Когда появилась статья «Мы втроем поехали на целину», писал уже новую пьесу, «Сонет Петрарки».

«Только привычка к ритмическому труду не дает нашему брату вылететь из литературной тележки на крутых поворотах.

У меня были написаны пьесы, которые не шли на сцене… Пока о них решался вопрос, я был уже захвачен новой задуманной или начатой пьесой. И, право, мне некогда было сидеть «у разбитого корыта».

Это из статьи Погодина.

Помню Погодина разным и у Погодина — разное.

Помню победы его и помню поражения.

И тех и других на одну жизнь более чем достаточно.

Помню периоды высочайших взлетов, помню, когда переставал звонить телефон — театры, атаковавшие его всю жизнь, вдруг, будто бы сговорившись, переставали названивать. Бывало, оставался без денег, и тогда внезапно его друзья получали от него радиолу, наборы пластинок с коротенькой запиской — сколько они ему должны денег.

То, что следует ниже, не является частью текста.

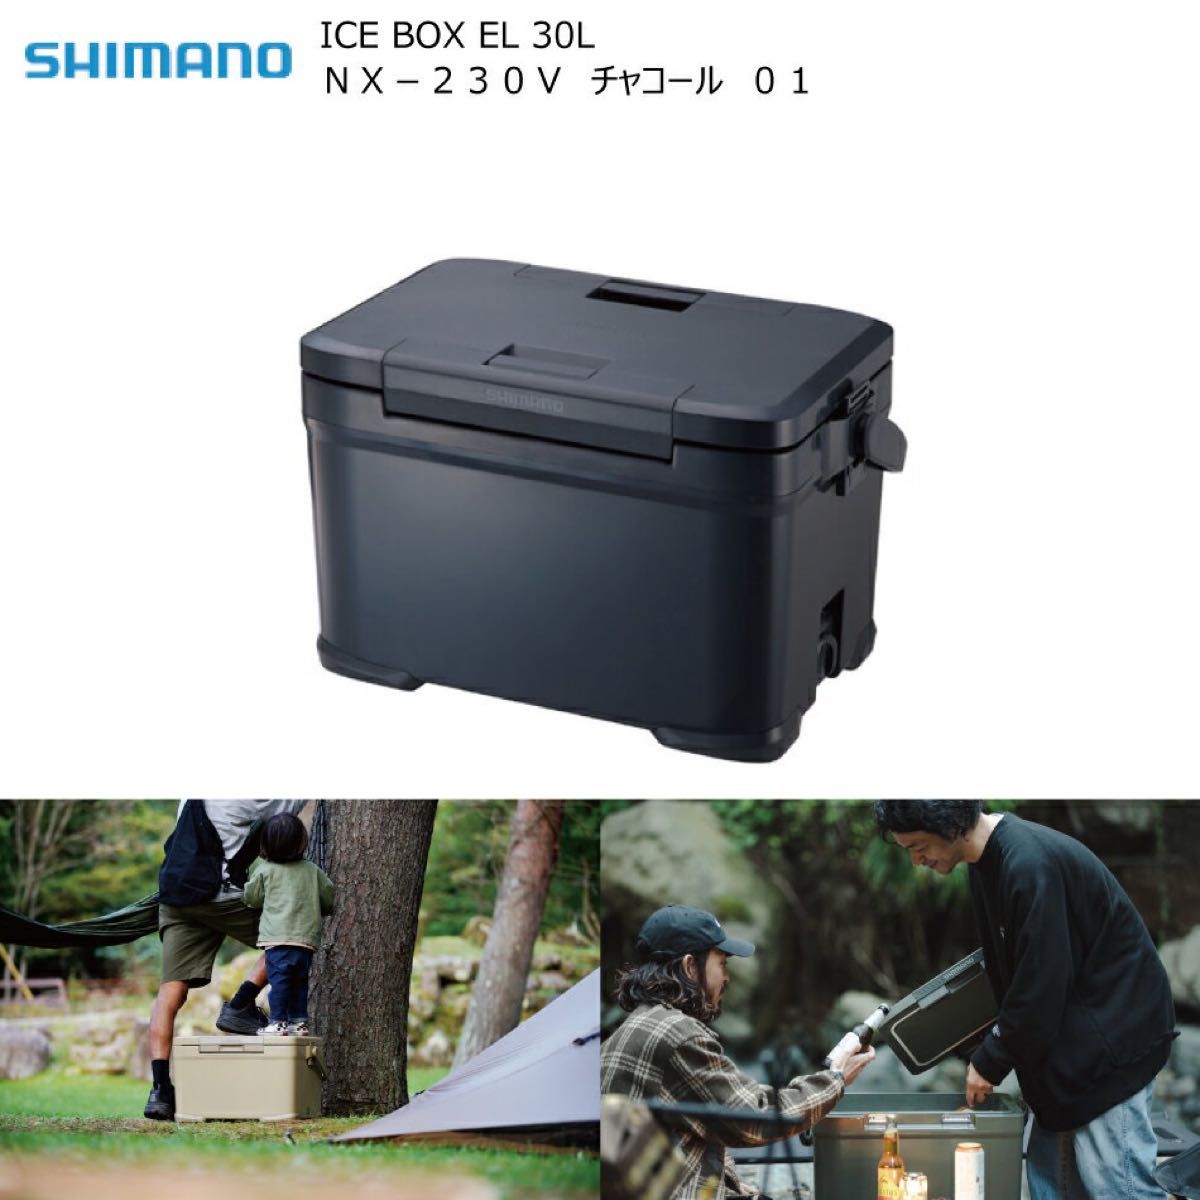 蔵 シマノ クーラーボックス 30L アイスボックスEL ICEBOX EL NX-230V
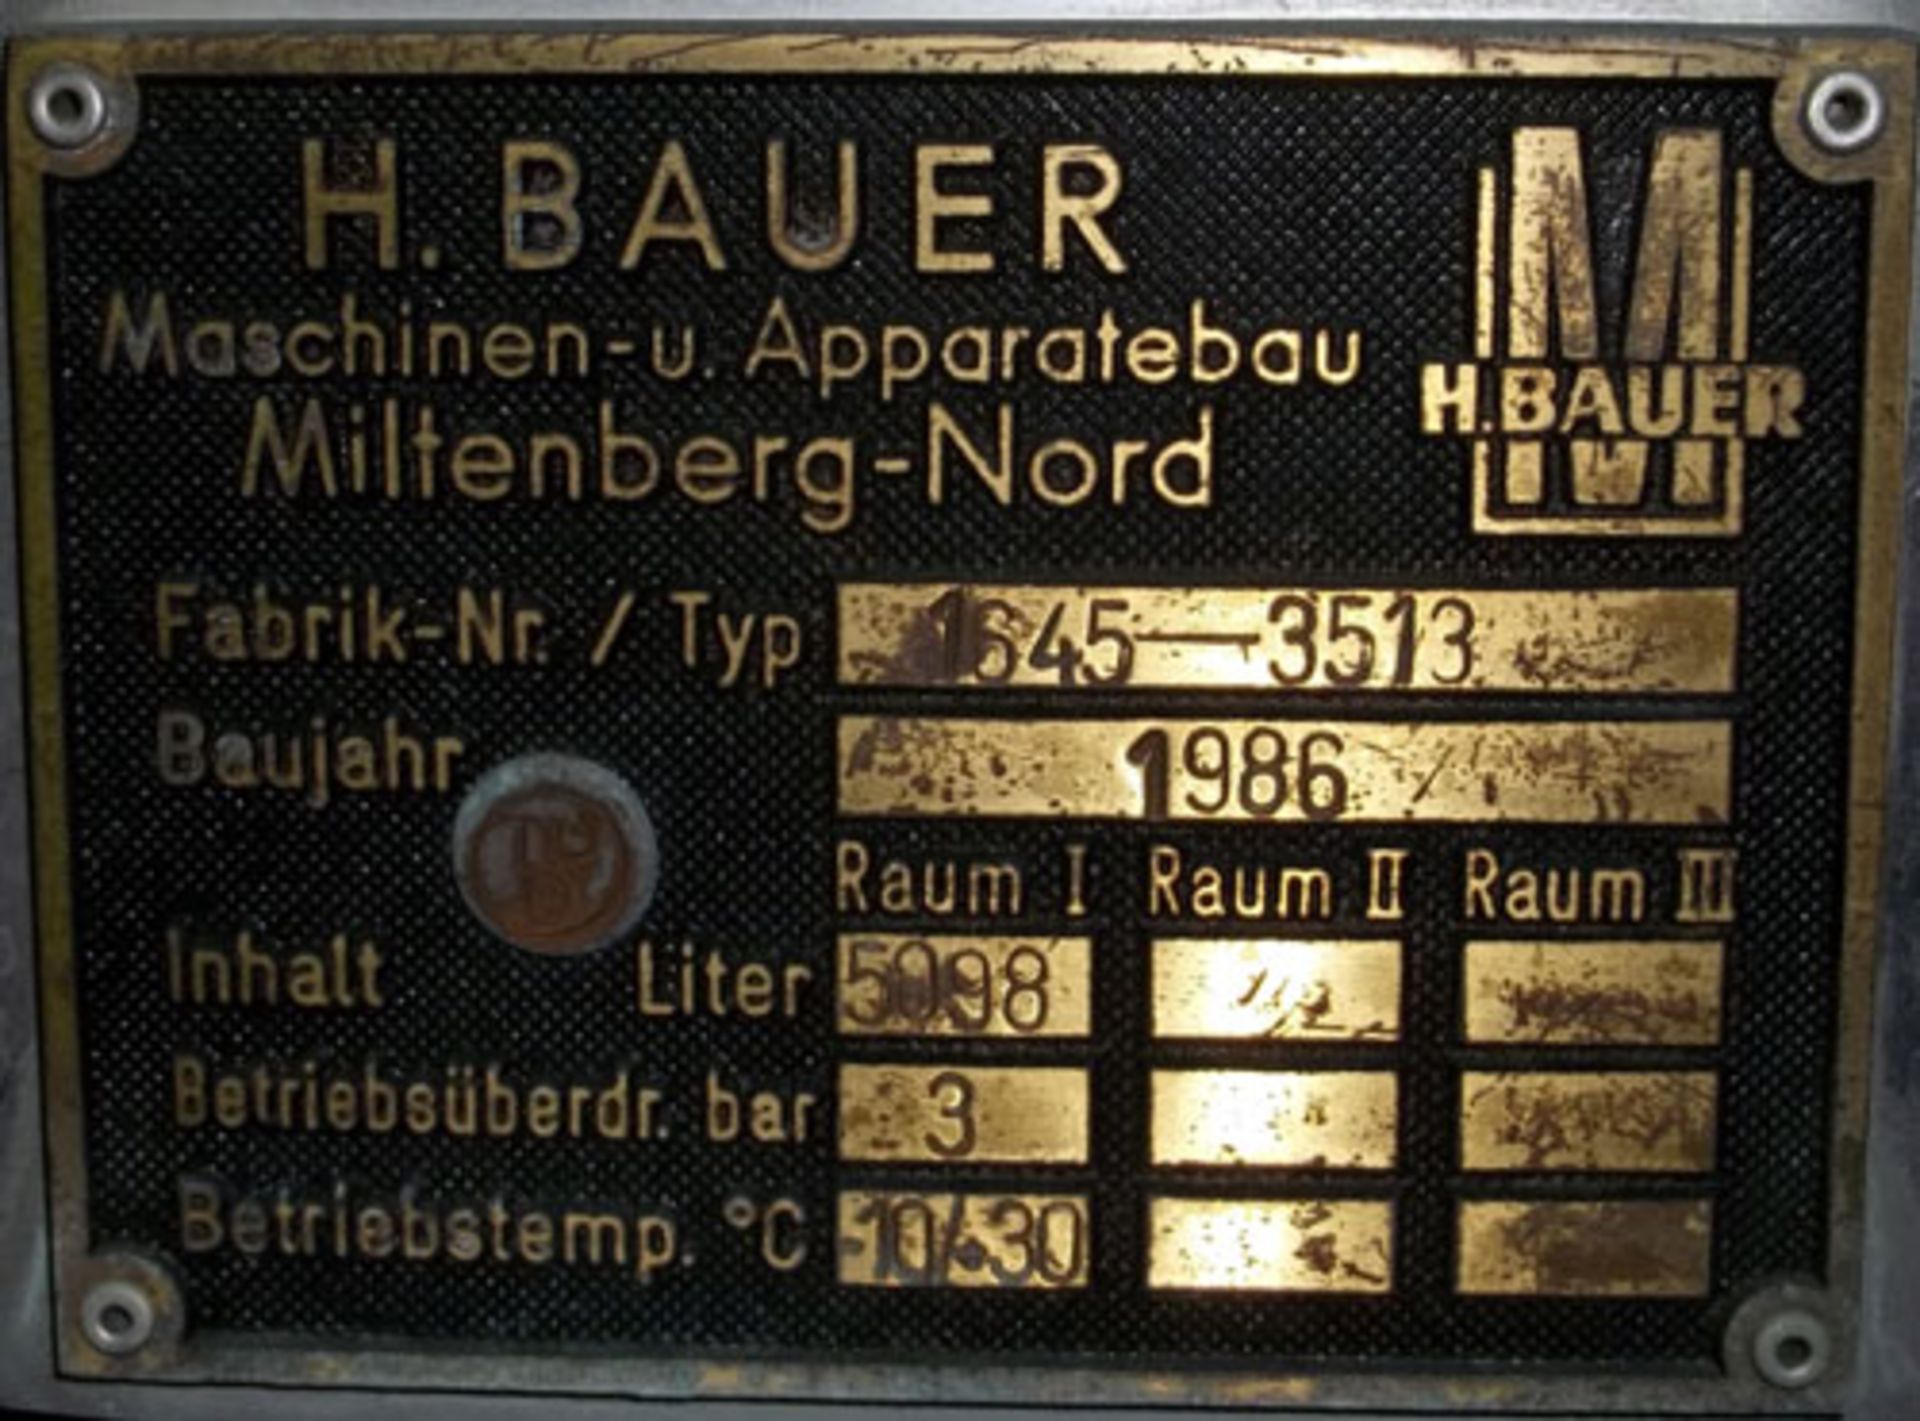 H. Bauer Maschinen-und-Apparatebau stainless steel tank, 1348 gallon (5098 liter) capacity, - Image 2 of 2

В минуты взлетов и в минуты падений он отходил, слушая музыку, — коллекция пластинок и потом пленок у него была уникальная. Заставлял слушать друзей то большой Бостонский симфонический оркестр под управлением Тосканини, то фантазии из опер в джазовом исполнении, то Тотти Даль Монте, то Вертинского, то Шаляпина, то Стравинского…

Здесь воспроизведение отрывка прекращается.